Can anyone recommend a good brand of tahini?  I've used Krinos in the past and liked it.  Unfortunately, I can't find it around here.  The brand I'm using now is not as smooth and a bit more bitter than I like.

Thanks.


----------



## Sarah 1426 (Nov 14, 2004)

I know this was posted a while ago but I came across it and thought I would give my opinoin.
We use Al-Rahib tahineh to make hummos.
My father owns a middle eastern grocery store and he is Lebanese so we have tried many kinds and we have found that this one is the best.


----------



## sarah (Nov 15, 2004)

hey u r my namesake,just wanted to say hi...welcome to this forum


----------



## Sarah 1426 (Nov 19, 2004)

Hey! thanks for the welcome!
this seems like an awsome fourm and i absolutely LOVE cooking...


----------



## Kaitain (Apr 2, 2005)

I found out the hard way that there are two kinds of tahini, one without the shells and one made with the shells still on!  The one with the shells on is terrible, it's bitter and tastes more like shells than seed.  That's probably what you bought IE.

I found some tahini in my local publix, but am afraid to buy it because it is almost $6 for a small can and it doesn't say if it's shell-less or not.  If I could at least see it I could tell but it is in a metal can.  You can tell the difference by the darkness.  The version with the shells is much darker, a little darker than peanut butter I think, while the good stuff is a very light tan.


----------



## sarah (Apr 2, 2005)

i use a lebanese tahini,with the name of california garden,its quite ok too.


----------



## Michael in FtW (Apr 2, 2005)

My favorite tahini came from a little middle eastern store that only lasted for about 3 years, certainly not because I didn't shop there every week.
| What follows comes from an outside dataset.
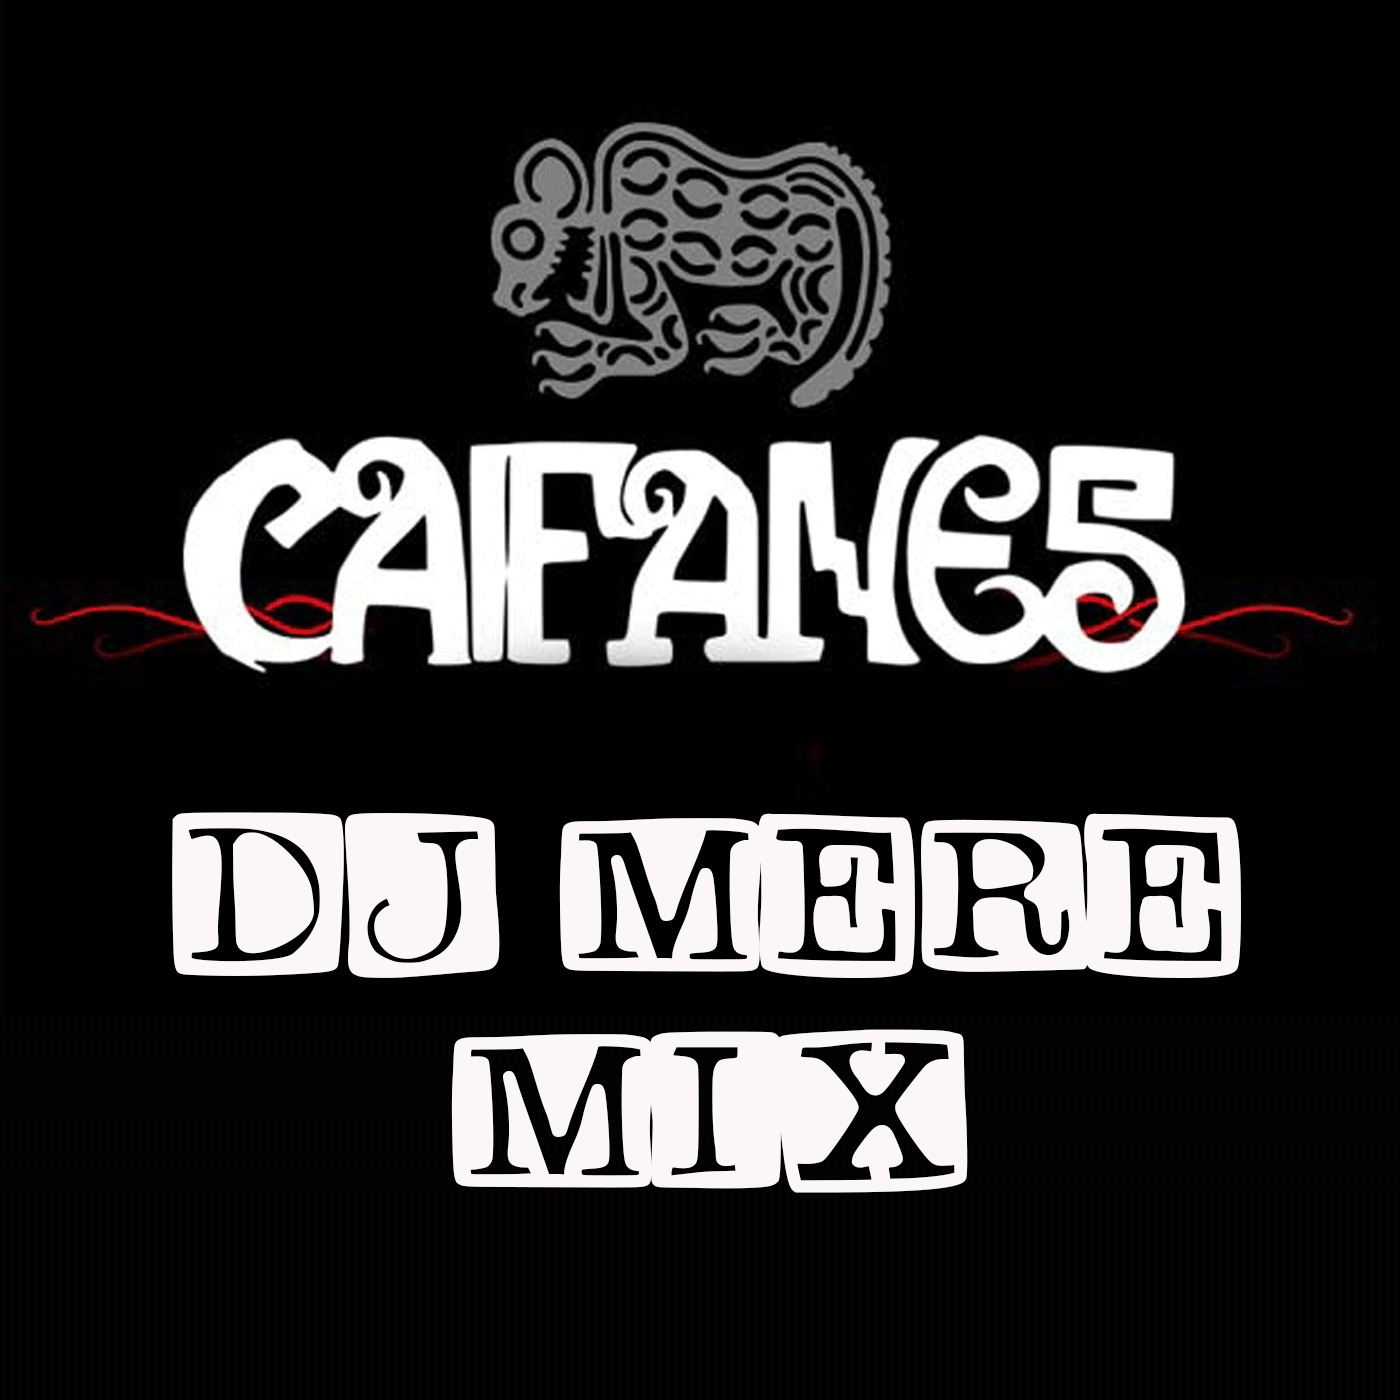 DJ MERE - CAIFANES, JAGUARES MIX

I can't tell the name because there was nothing on the label in English.

The stuff I'm using now is "Joyva" brand (it's all my grocery store carries) .... it's a little sweeter because it has honey and sugar in it ... but I can always add another clove of garlic and a little more lemon juice if I need to to "tart" it up.


----------



## Claire (Apr 13, 2005)

I don't use tahini a lot, so cheat.  Every brand of tahini I've seen comes in a huge jar, when I only need less than half of that a year.  So when I make hummus or something else requiriing it, I use toasted sesame seeds and sesame oil to taste.  Not quite the same, but at least tastes fresher every time, and I'm not faced with a year-old half-jar of what looks sort of like the sidewalk outside.


----------



## GB (Apr 13, 2005)

I use Joyva as well, but only because it is the only brand I can find around here. I am not crazy about it, but I don't use it often.


----------



## Raine (Apr 13, 2005)

What part of GA are you located in?


----------



## Yakuta (Apr 13, 2005)

I am with Claire.  I prefer to make sesame paste of my own.  It is healthier and more fragrant and I have less waste (Tahini paste can go rancid quickly).  

Toast white sesame seeds till they have a slight color.  Toast it on low.  Put them in a coffee or spice grinder and powder.  Mix them with a tiny bit of water (I don't use any oil expect a tiny bit of olive oil when I make hummus with it) to make a paste and then use it in the recipe as directed.  Much fresher.


----------



## Alix (Apr 13, 2005)

I never thought of that. Geez.


----------